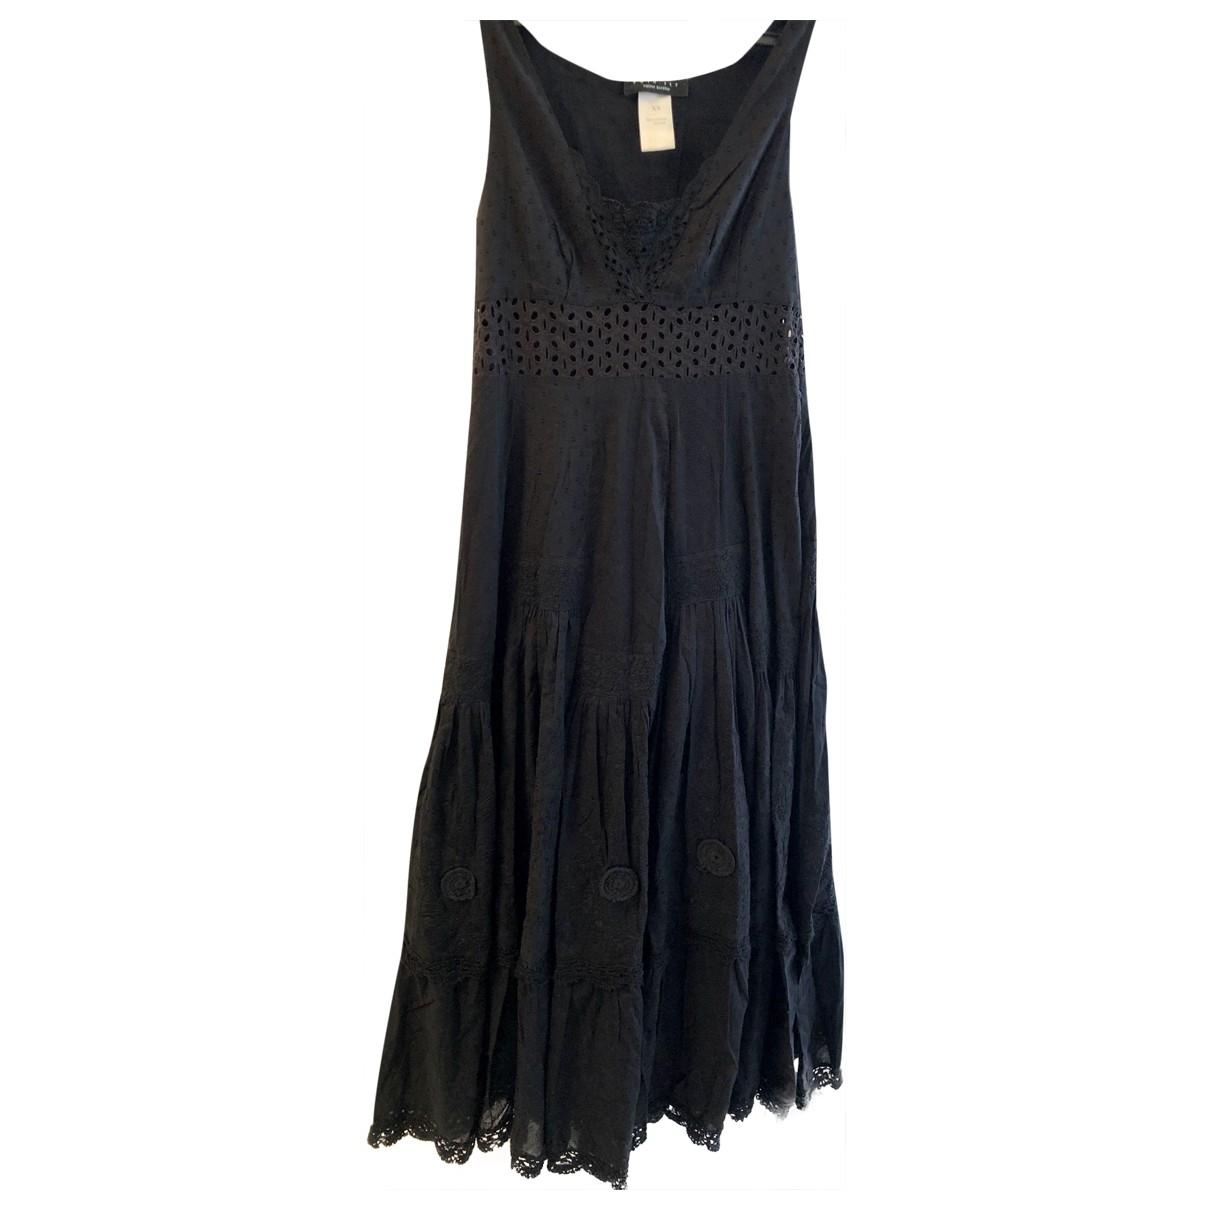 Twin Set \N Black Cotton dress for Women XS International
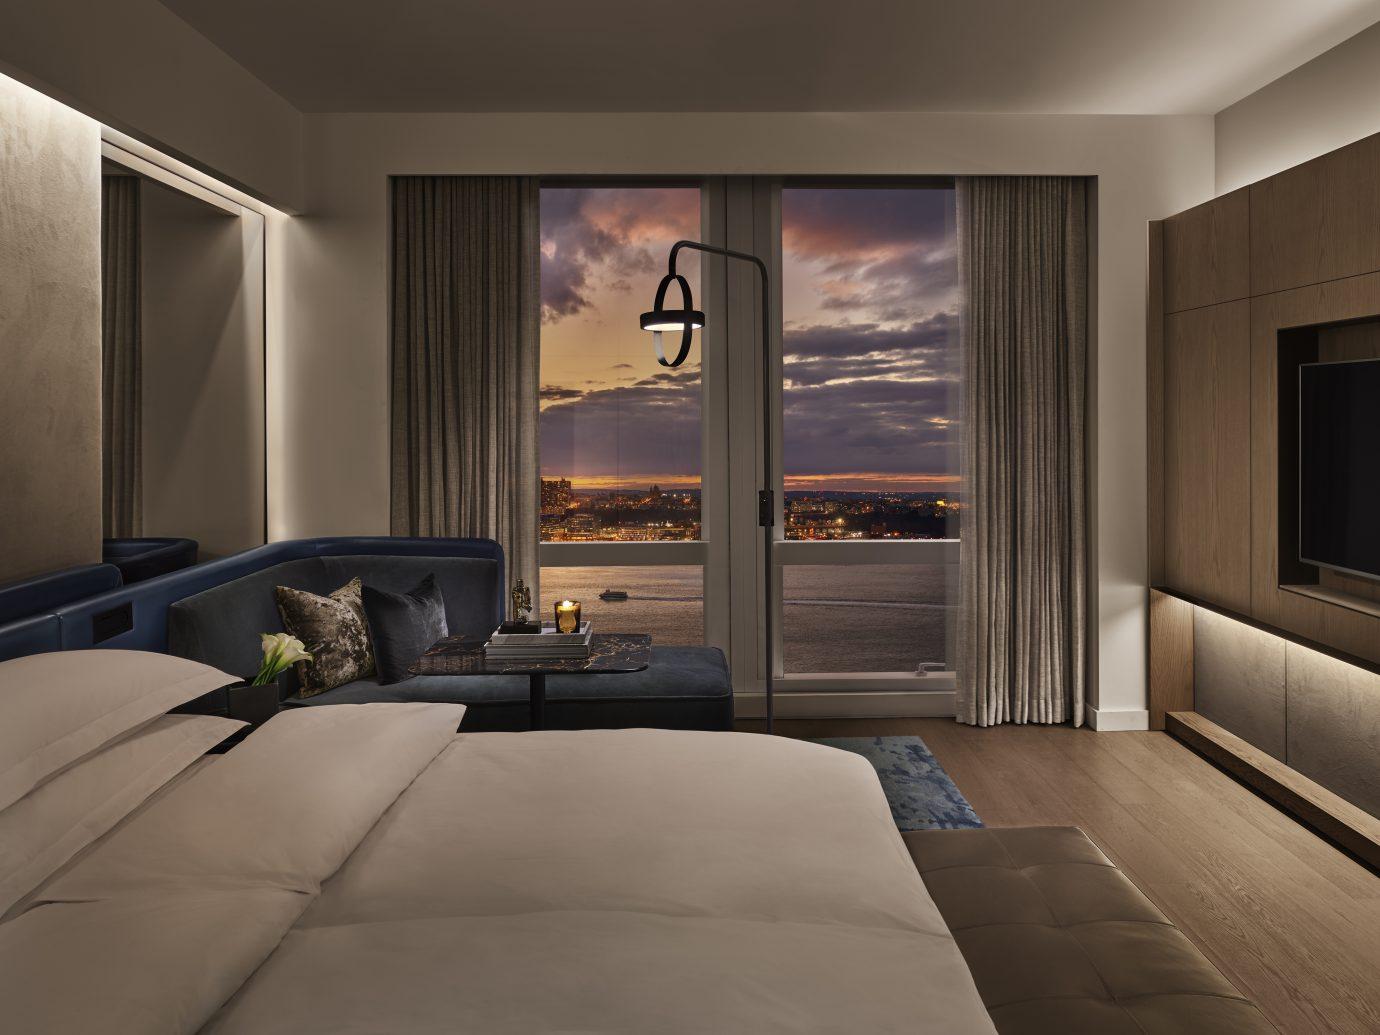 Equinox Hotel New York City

--------------------

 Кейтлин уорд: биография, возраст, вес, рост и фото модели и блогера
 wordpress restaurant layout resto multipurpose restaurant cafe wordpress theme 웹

--------------------

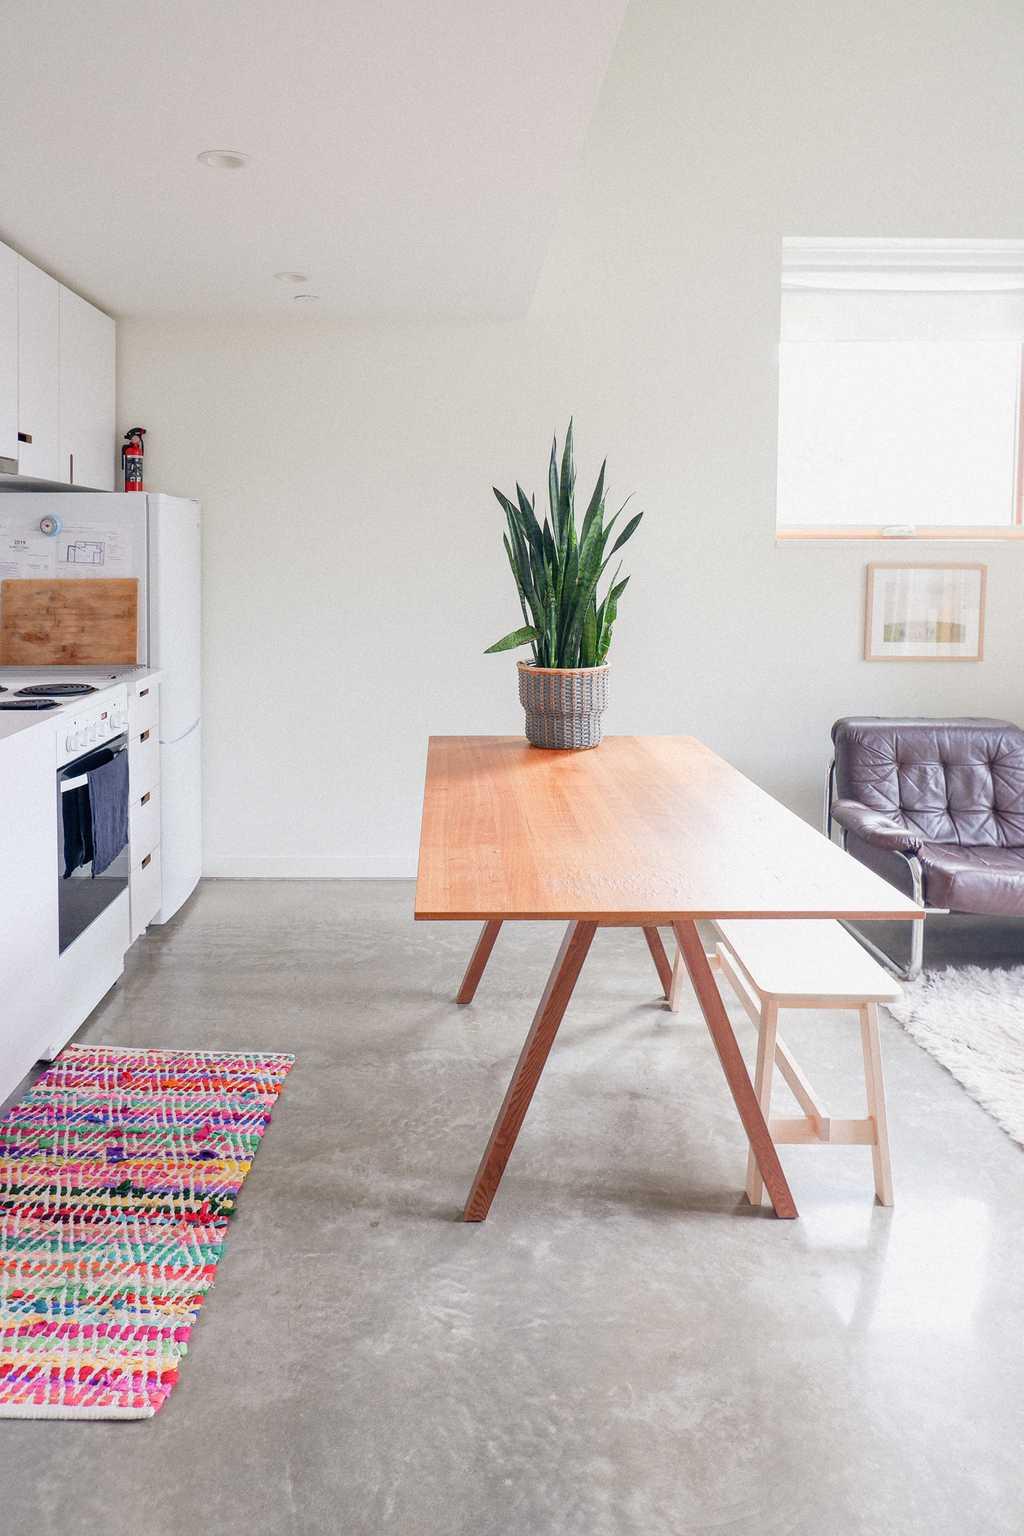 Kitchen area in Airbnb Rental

--------------------

In the listing above, find the line with "Twin Set \N" and the line with "Equinox Hotel New York City". Set down exactly those lines and everything between them, skipping pictures.

#### EXERCISE ANSWER
 Twin Set \N Black Cotton dress for Women XS International
 Equinox Hotel New York City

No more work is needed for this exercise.